15. The electronic device of claim 14, wherein, to identify the hard-attention mask, the at least one processing device is configured to apply multi-layer perceptron (MLP) parameterization to the learnable mask tensor to modify the learnable mask parameters prior to being parameterized using the categorical distribution.

16. The electronic device of claim 14, wherein, to identify the hard-attention mask, the at least one processing device is configured to perform sparsity regularization to reduce a number of non-zero values contained in the hard-attention mask.

17. A method comprising:

obtaining, using at least one processing device of an electronic device, input data associated with a user request for a trained machine learning model;

identifying, using the at least one processing device, one or more customized tokens associated with the input data, the one or more customized tokens associated with one or more of multiple previous concepts learned by the trained machine learning model;

identifying, using the at least one processing device, key, value, and query features based on the input data and the one or more customized tokens;

performing, using the at least one processing device, key-value projection using the key features, the value features, and weights of the trained machine learning model to generate projected features; and

generating, using the at least one processing device, a response to the user request based on the query features and the projected features;

wherein the weights of the trained machine learning model are modified by sequentially teaching the trained machine learning model one or more new concepts over time.

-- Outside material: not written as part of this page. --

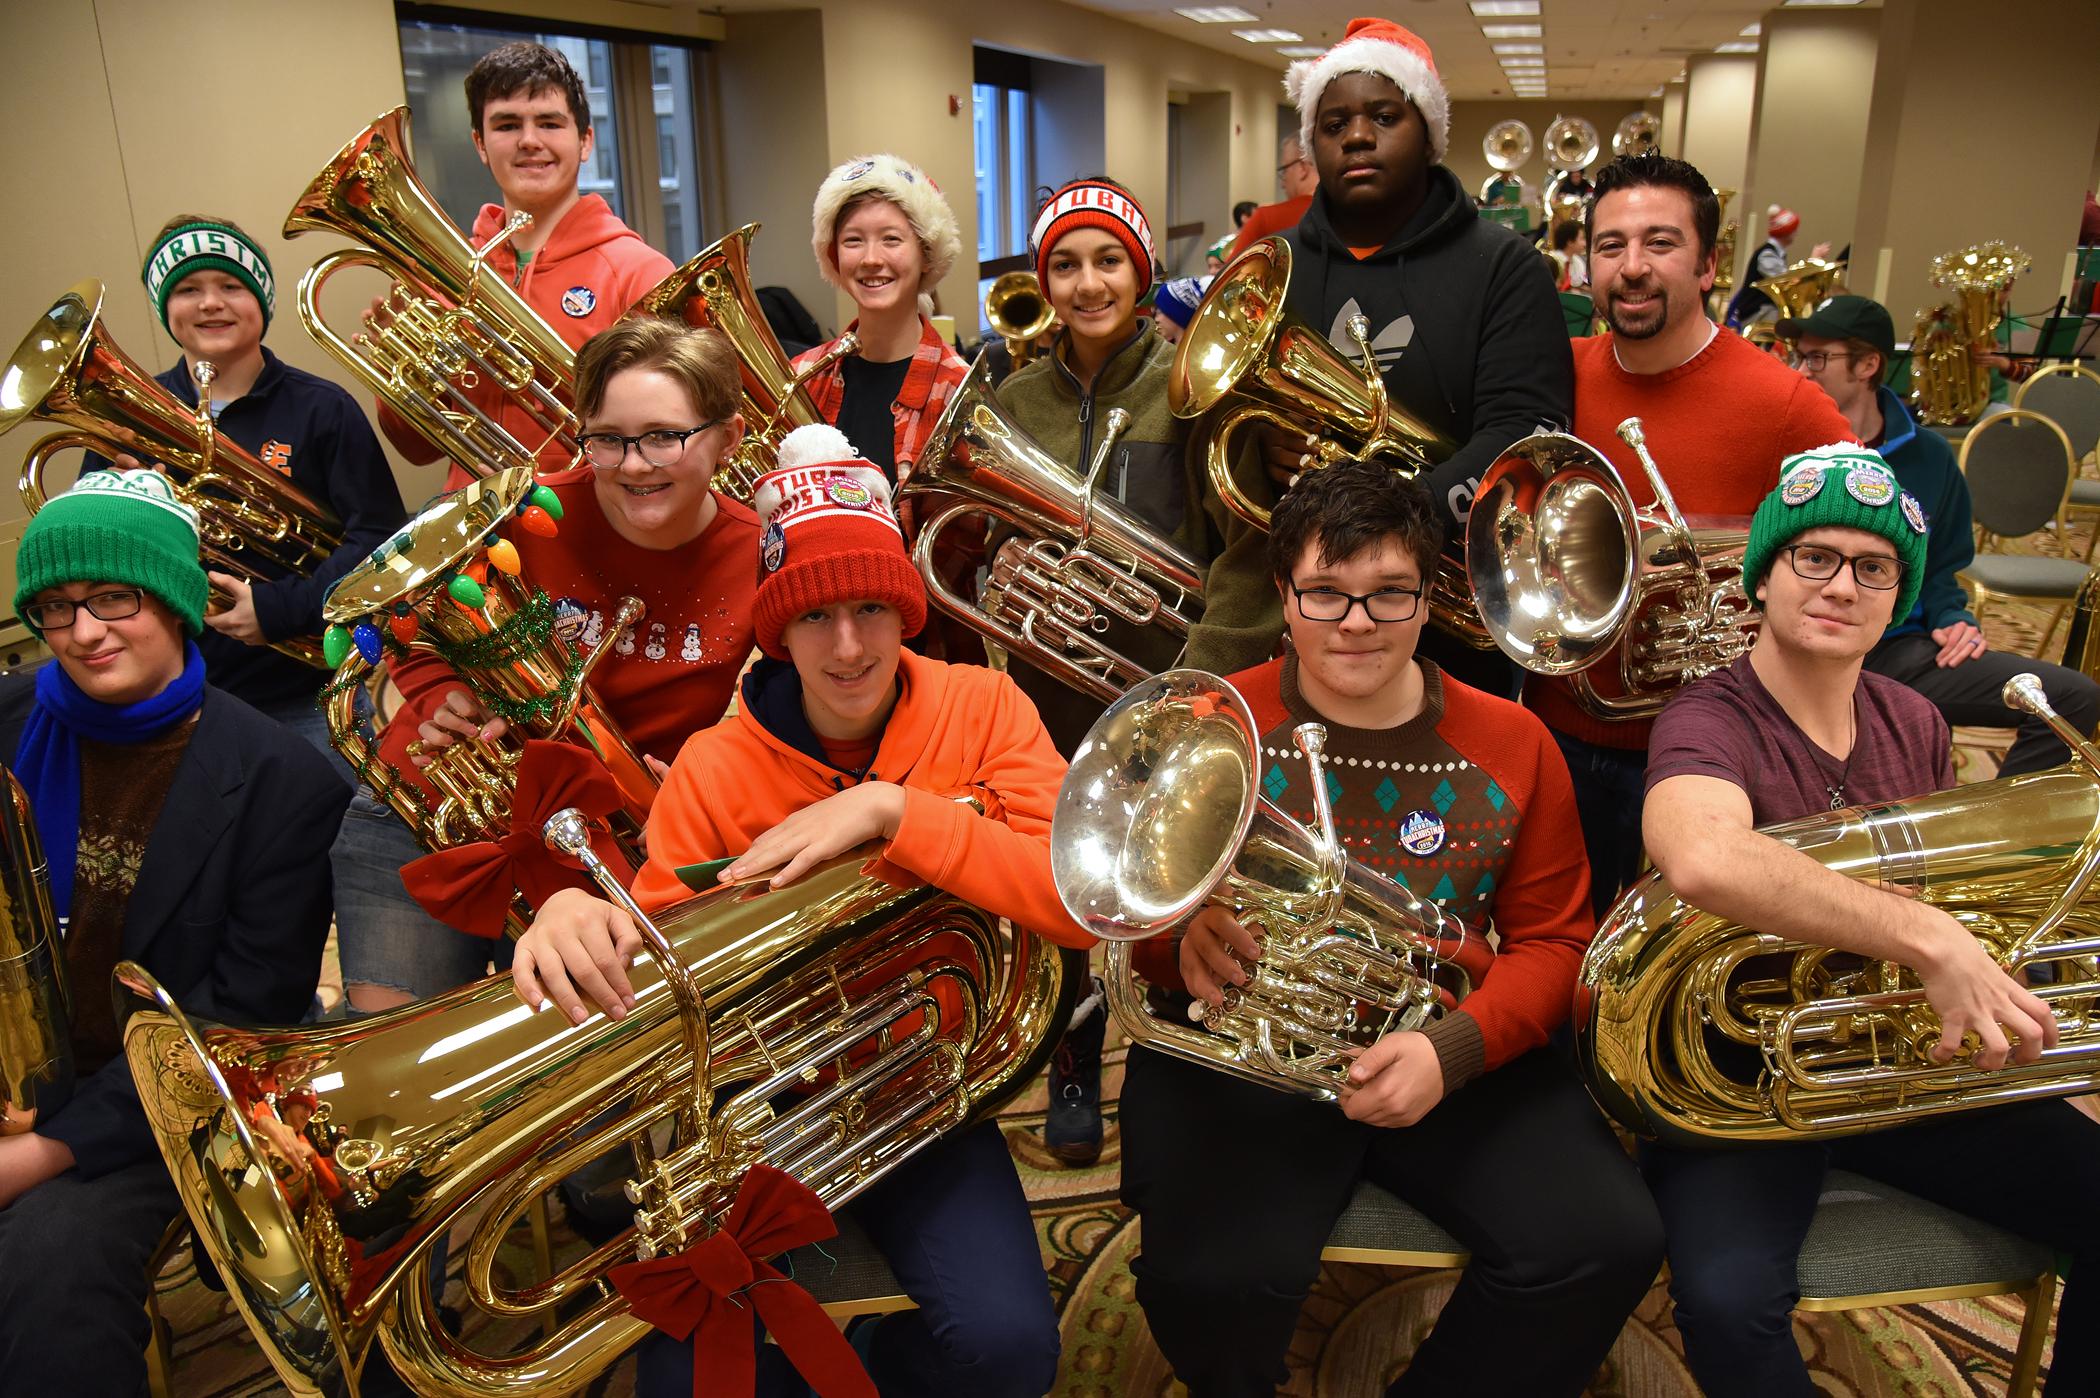 Tuba Christmas 2020 Chicago Musicians carry on a very tuba Christmas tradition   Chronicle Media

18. The method of claim 17, wherein:

the user request comprises a request to generate an image containing one or more specified contents, the one or more specified contents associated with one or more of the multiple previous concepts learned by the trained machine learning model;

the one or more customized tokens are associated with the one or more of the multiple previous concepts learned by the trained machine learning model; and

the method further comprises generating a new customized token for each of the one or more new concepts.

19. The method of claim 17, further comprising, for each of the one or more new concepts:

obtaining, using the at least one processing device, additional data associated with the new concept for the trained machine learning model;

generating, using the at least one processing device, one or more additional weight deltas based on the additional data; and

identifying, using the at least one processing device, updated weights for the trained machine learning model based on initial weights of the trained machine learning model, one or more previous weight deltas associated with at least one of the multiple previous concepts, and the one or more additional weight deltas.

20. The method of claim 19, further comprising:

deleting the additional data from the electronic device after the one or more additional weight deltas are generated.